▸ Data excerpt:
--- START ---
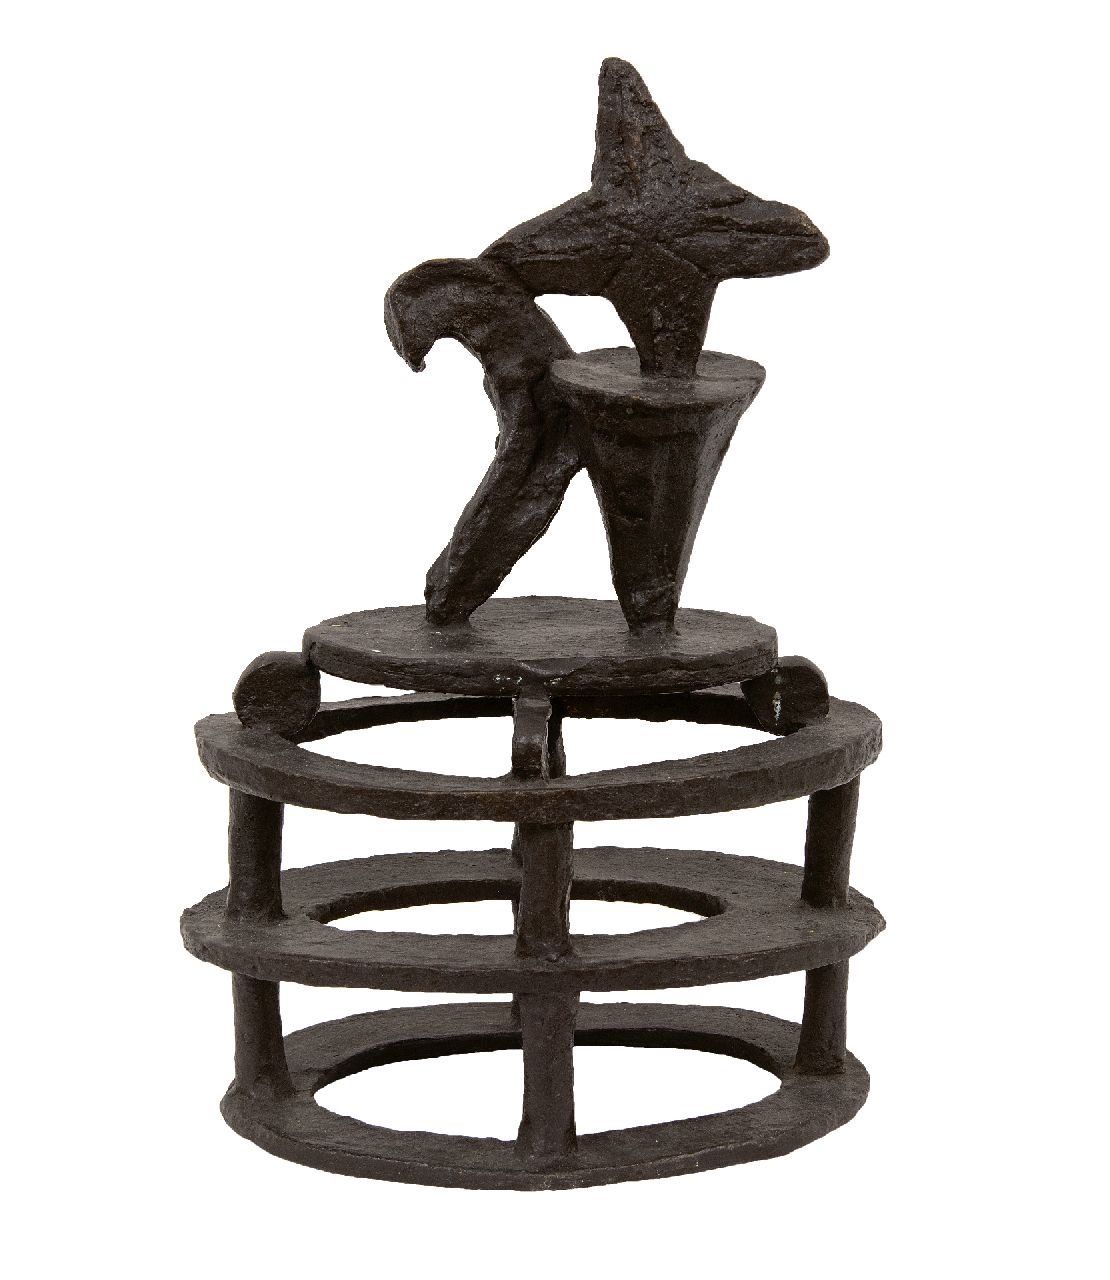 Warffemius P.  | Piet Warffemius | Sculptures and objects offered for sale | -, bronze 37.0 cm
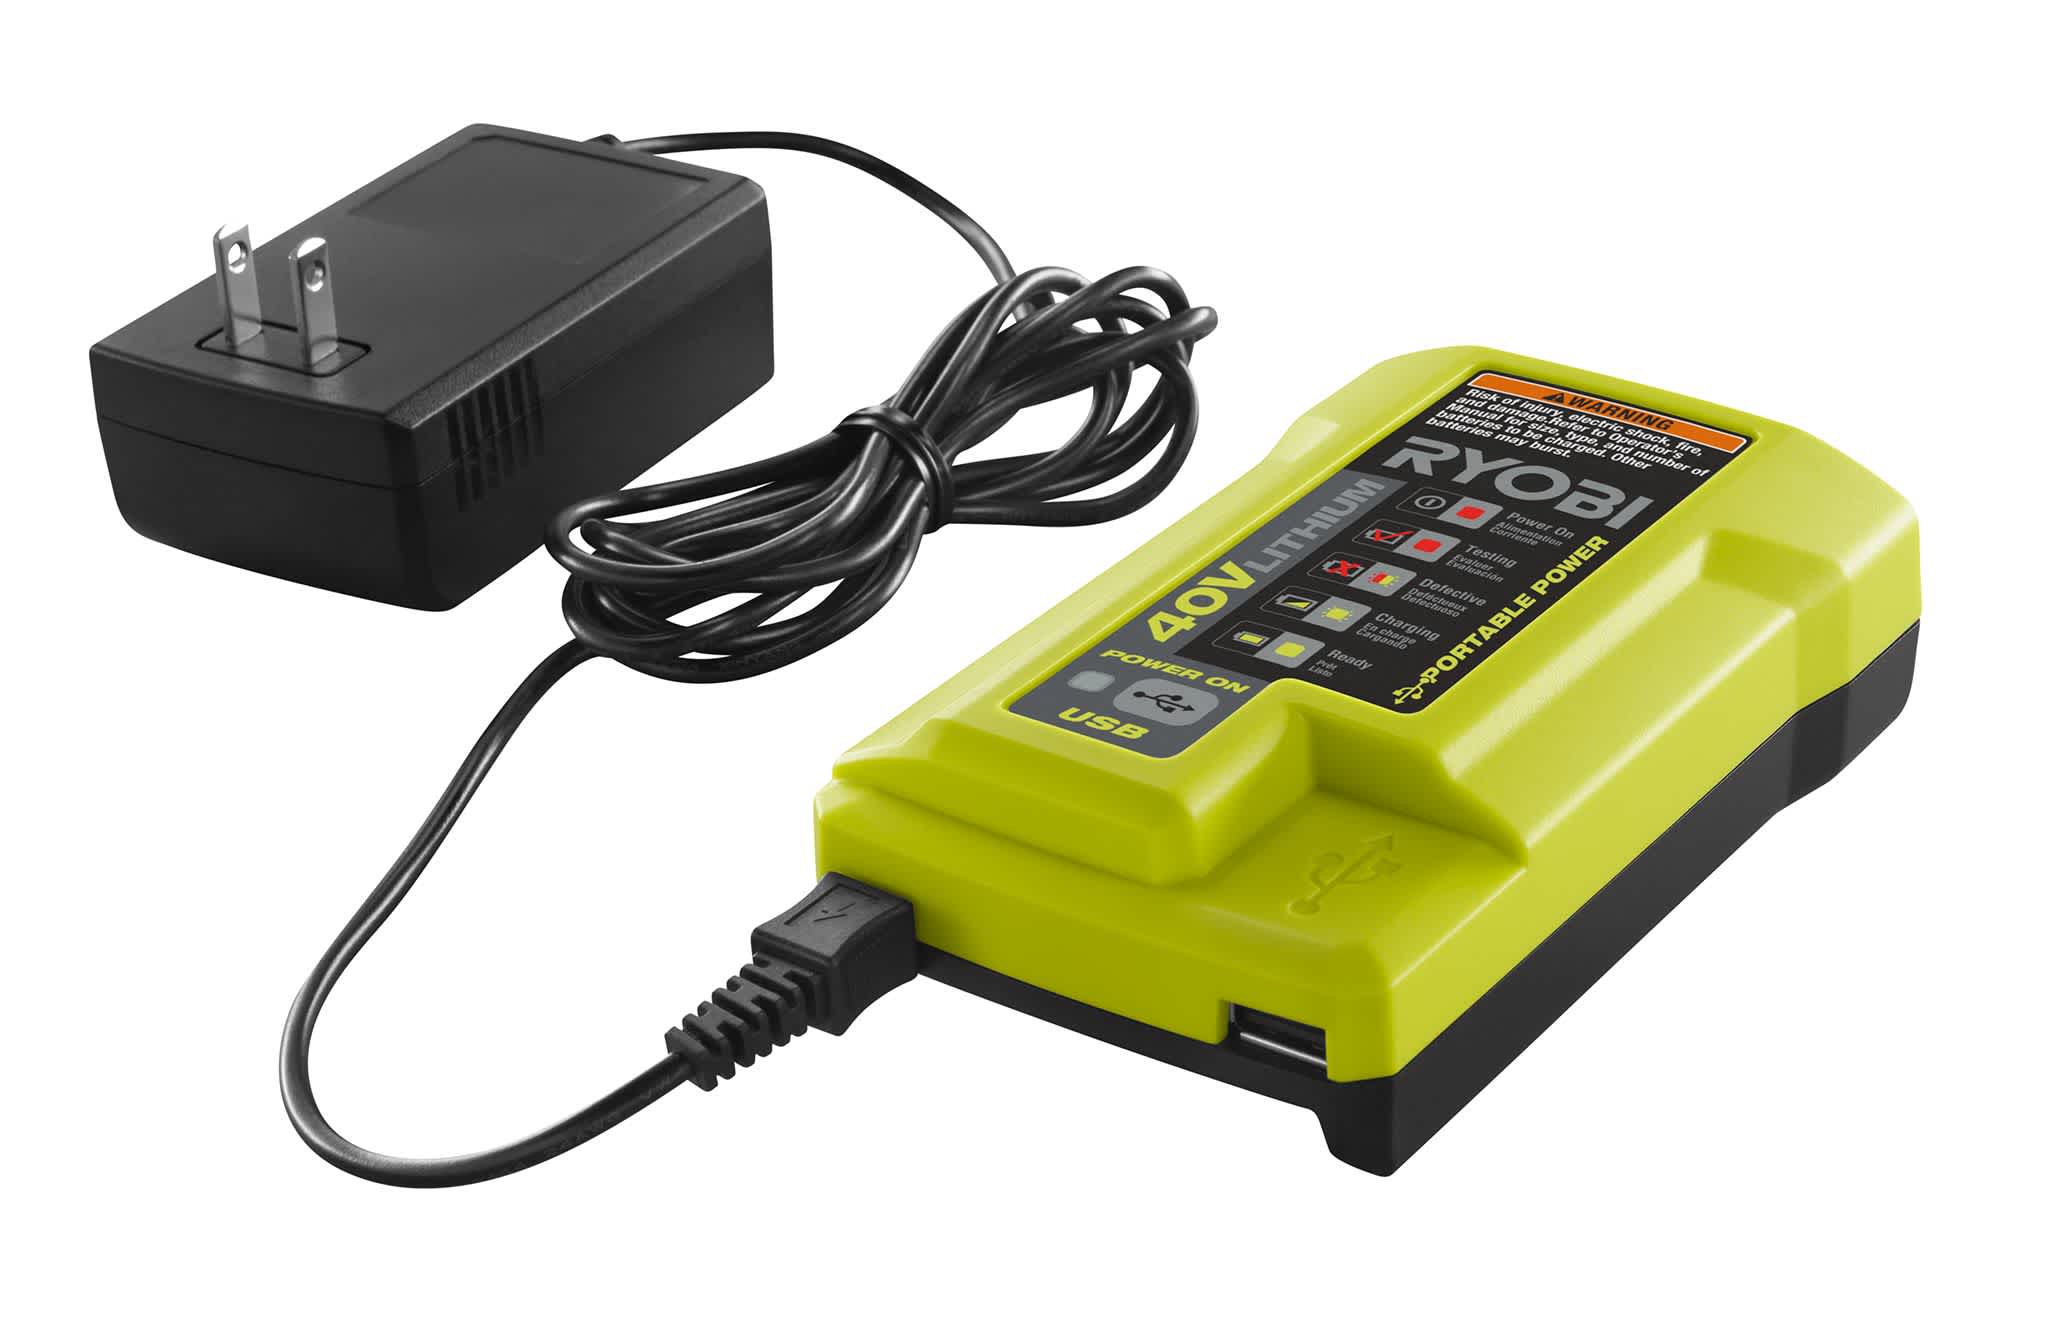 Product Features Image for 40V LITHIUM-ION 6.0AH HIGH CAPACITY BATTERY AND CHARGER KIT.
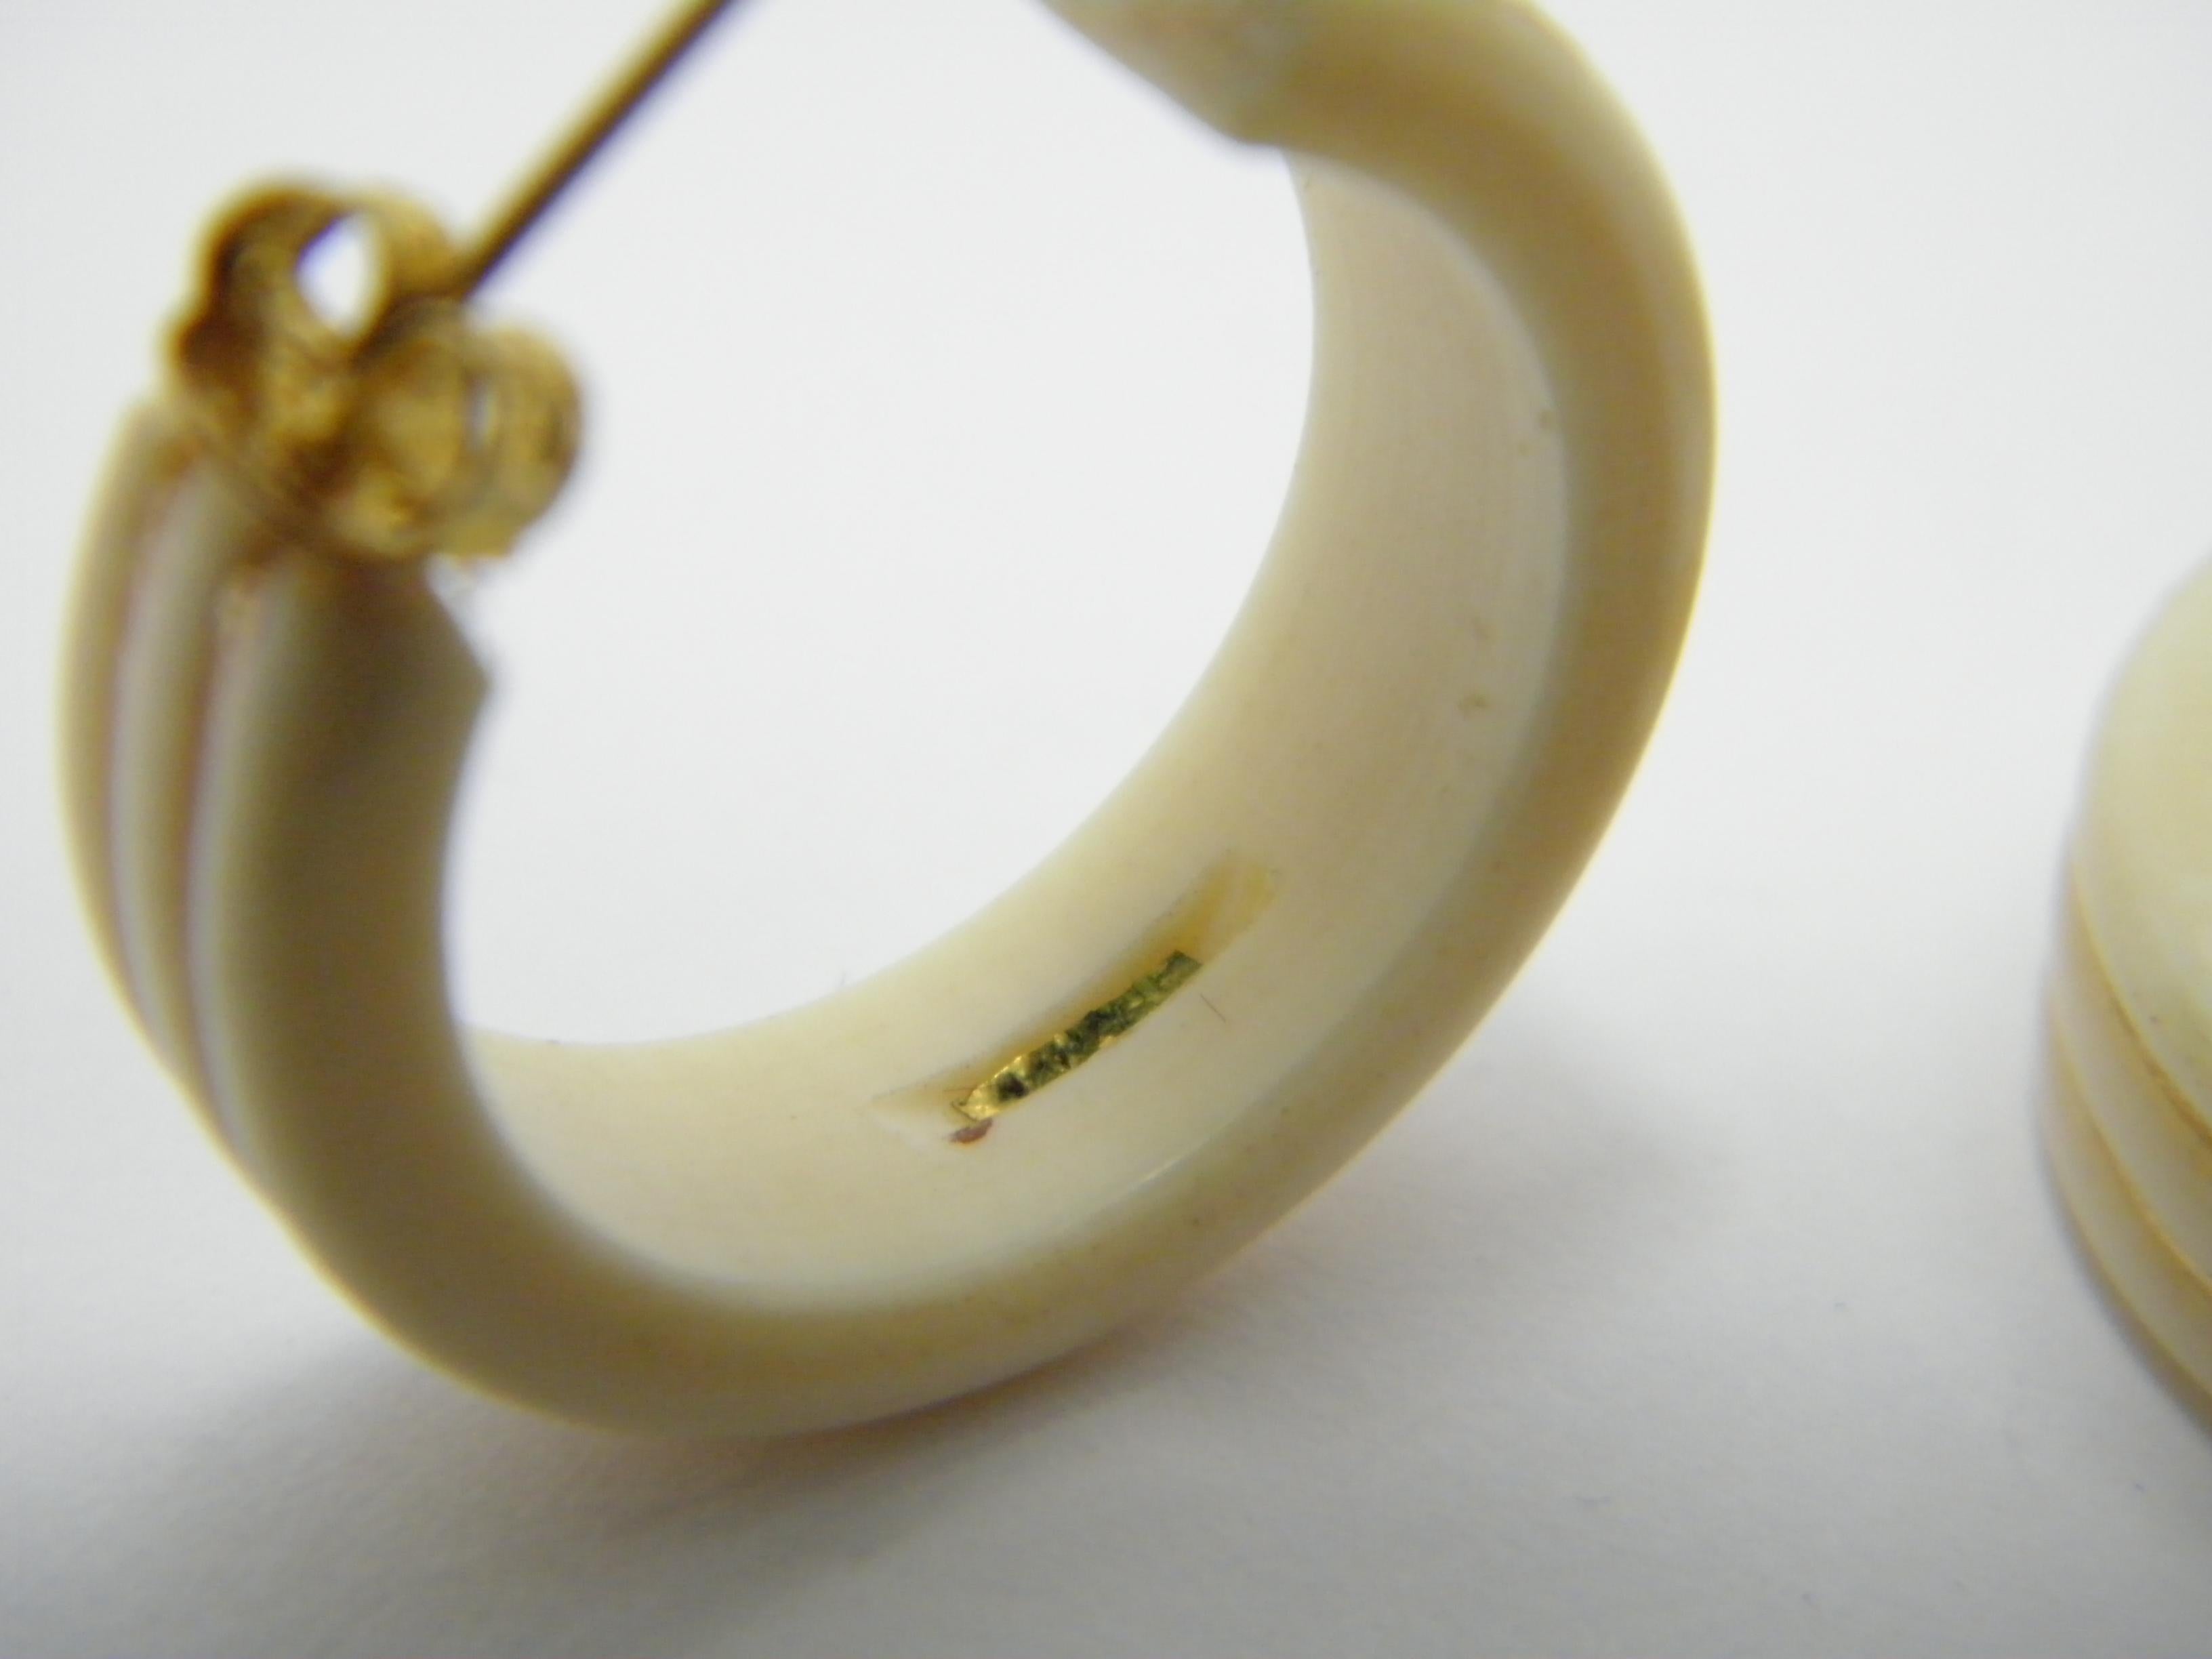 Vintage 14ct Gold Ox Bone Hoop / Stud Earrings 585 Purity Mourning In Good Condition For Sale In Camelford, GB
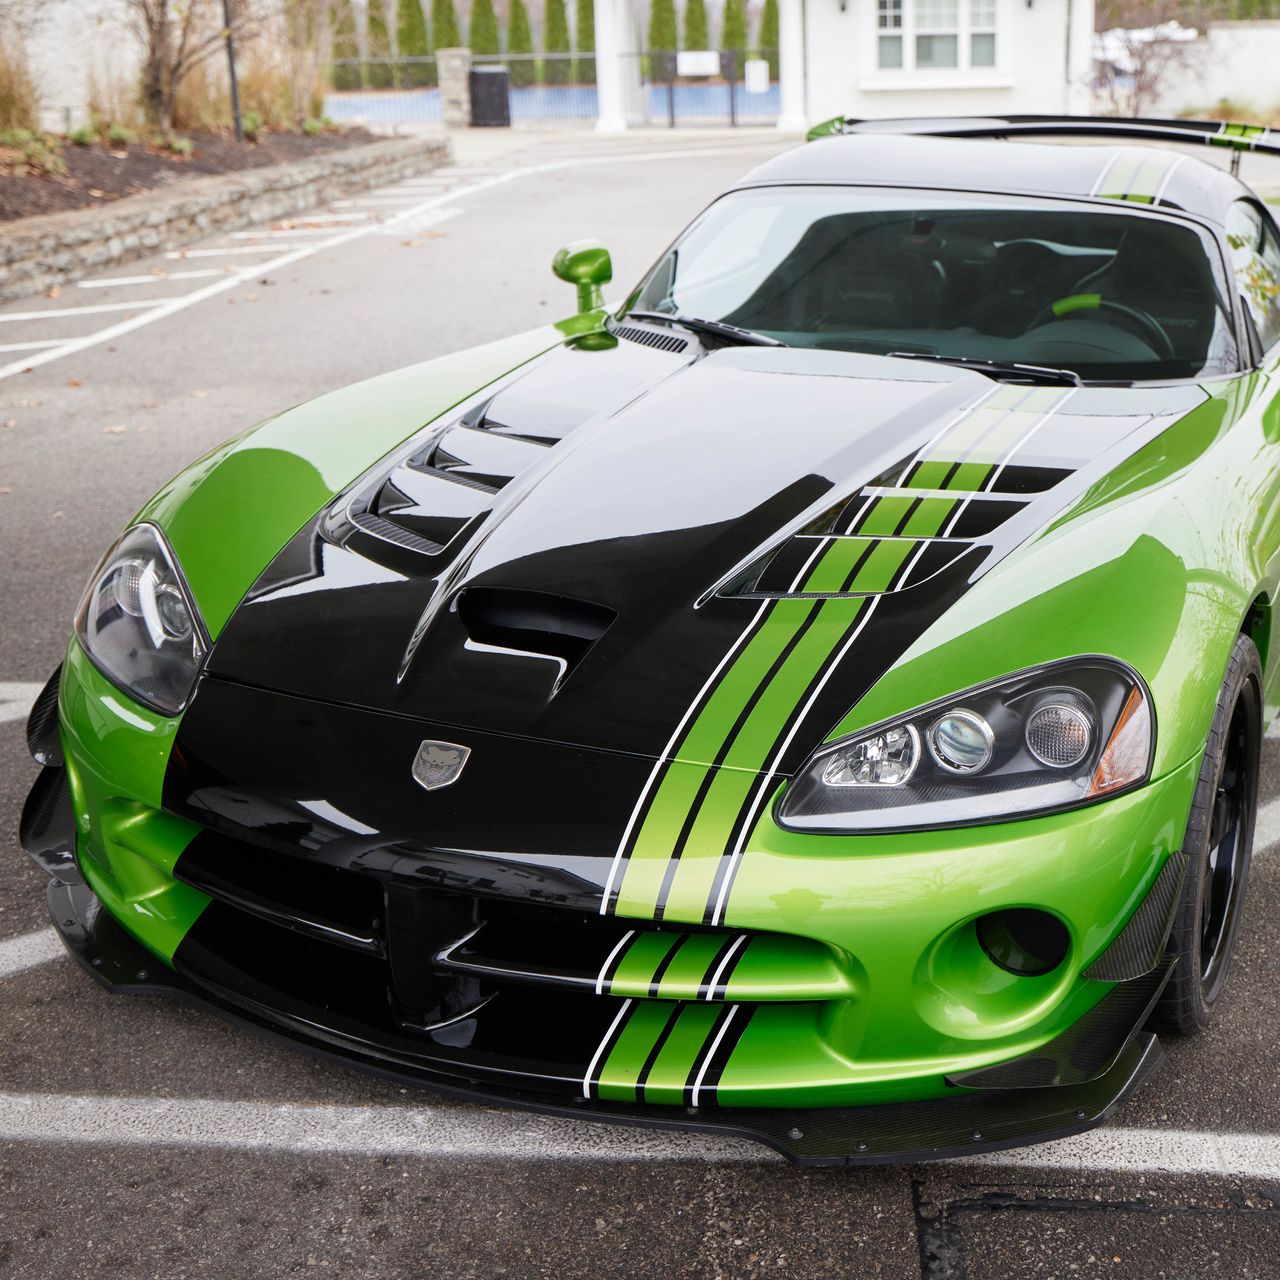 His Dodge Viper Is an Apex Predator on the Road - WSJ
--- END ---
▸ Exercise details: A faithful copy is needed of the lines from the one containing "Product Features Image" through the last line of the data above, with pictures left out.

▸ The answer:
 Product Features Image for 40V LITHIUM-ION 6.0AH HIGH CAPACITY BATTERY AND CHARGER KIT.
 Vintage 14ct Gold Ox Bone Hoop / Stud Earrings 585 Purity Mourning In Good Condition For Sale In Camelford, GB
 His Dodge Viper Is an Apex Predator on the Road - WSJ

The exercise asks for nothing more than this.